Just Words (Part 2)
Would I be so quick to extend grace if the sin were different?
That was how I ended my last post.
Hmm. Did I really ask that question? Did I really admit to writing a part two? If I could retract that question, would I? Yes, yes and yes. It’s a tough one to answer.
Actually it’s downright complicated.
But why? And what is the right response?
I am only speaking for myself here. I don’t like it when writers use words like “we”, “you”, and “us” and assume that we all feel the same way. Because we don’t. We have different and unique views—even on the topic of grace.
The church circles I have walked in throughout my life have mostly shaped my view of grace. I’ve formed my view based on what I’ve heard. Though I know the teaching has come from biblical truths, I know there is also a tremendous responsibility on me to study the Word for myself.
I don’t think I’ve figured this topic out completely. Maybe I never will. That bugs me. I like nice, neat answers that make sense and are easy to apply to daily life.
Since writing part one I’ve seen two well-known bloggers/authors/speakers write about this subject. One of them took a turn I never expected. Well, maybe I did expect it, but I didn’t expect him to go public with it. Someone else wrote an article who shares a similar church background as mine. She was uninvited to speak at a Christian church event because her views on grace and sin and who to love were a bit too radical for this more conservative crowd.
And it’s people like them that trip me up. I think I’ve got it figured out, and then I read something or hear something from leaders I respect, and all my thoughts send me back to square one to rethink. I guess that’s a good thing.
But sitting at square one this time, I figured something out. How I wish I could experience the kind of relationship Abraham, Moses and Joshua had with God. How I wish I could walk in the sandals of Peter or John who had Jesus right beside them for three years. But guess what? I do have someone who’s really amazing. I have the Holy Spirit.
If you love me, keep my commands. And I will ask the Father, and he will give you another advocate to help you and be with you forever— the Spirit of truth. The world cannot accept him, because it neither sees him nor knows him. But you know him, for he lives with you and will be in you. John 14:15-17
How beautiful is that? How simple is that? The Holy Spirit. The One who lives in me and reveals truth to me in every situation. The one who prompts me to extend grace; speak truth; love the difficult souls who need to be loved; write a blog post on a controversial subject; hold back from posting my opinion on social media; or to downright shut up when my words are punchy. I have access to that kind of truth in every moment.
So do you. (ooops, I mentioned “you.”)
It seems this topic of grace and love and how to apply this to sin is a popular topic in the church right now. I am still navigating through it. But as I do, I’m thankful I have the Spirit of Truth to guide me.

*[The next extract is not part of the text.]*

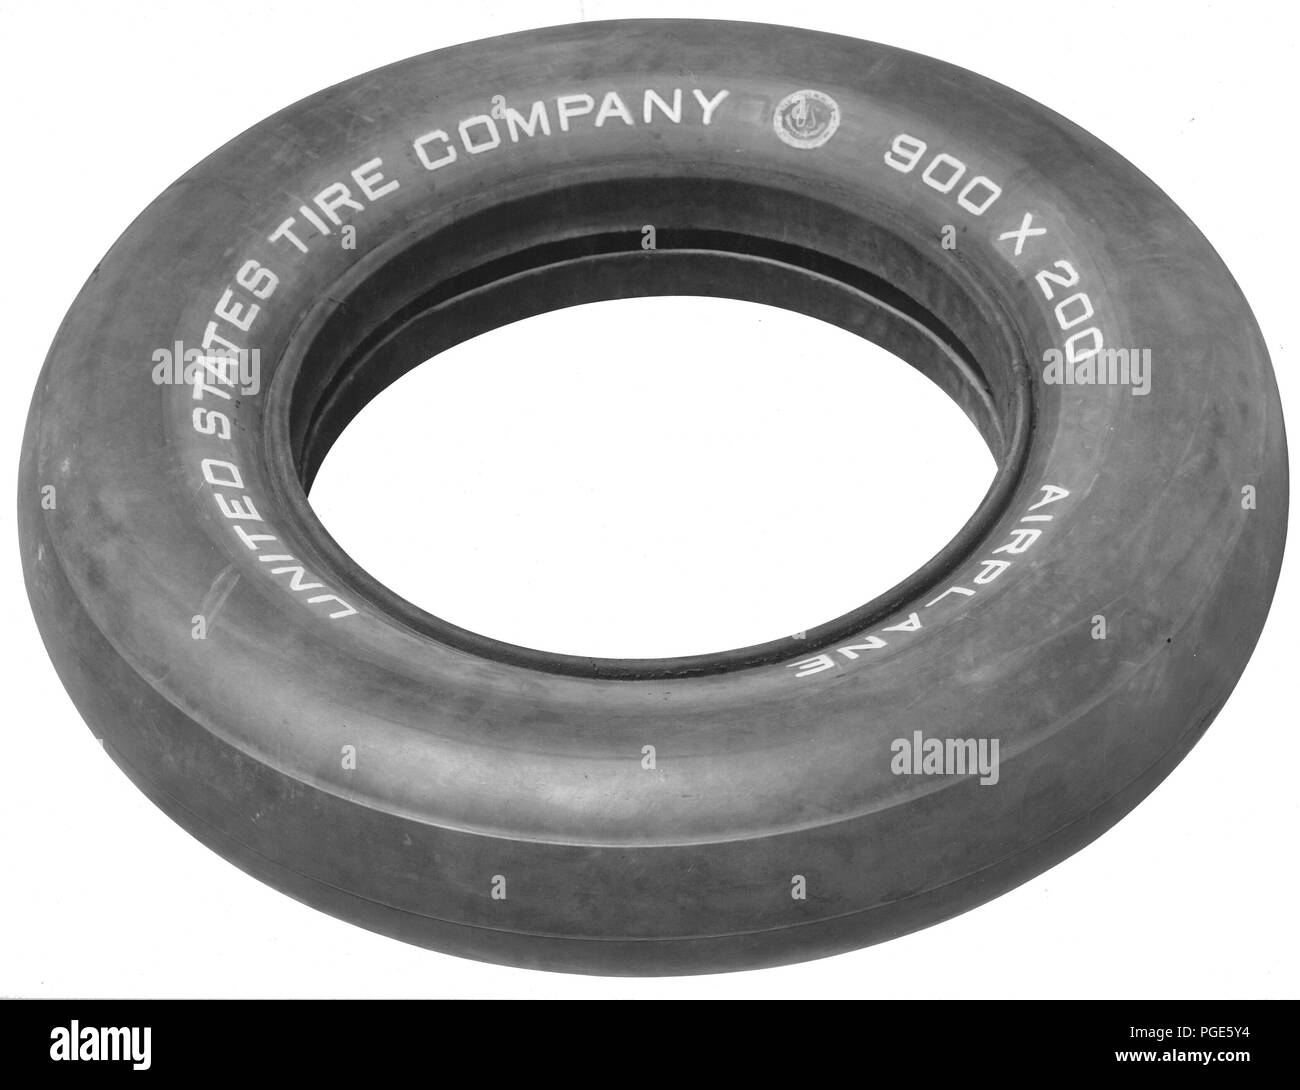 Reifen hergestellt für die Regierung. Flugzeug reifen. Dieser Reifen wurde  für den Einsatz auf dem Handley-Page Bomber entwickelt. Us-Reifen Co., NEW  YORK, von U.S. Tire Co Stockfotografie - Alamy

Anyone who loves me will obey my teaching. My Father will love them, and we will come to them and make our home with them. ~Jesus (John 14:23)
Thank you, Krista, for always stimulating my thinking. I love the Holy Spirit, too, who speaks truth to me each day, convicts me, comforts me and teaches me. MOM
Thank you Krista. I have really enjoyed “getting reacquainted” with you and Korri through your blogs. You are both great writers, and I respect your well-shared thoughts. Blessings!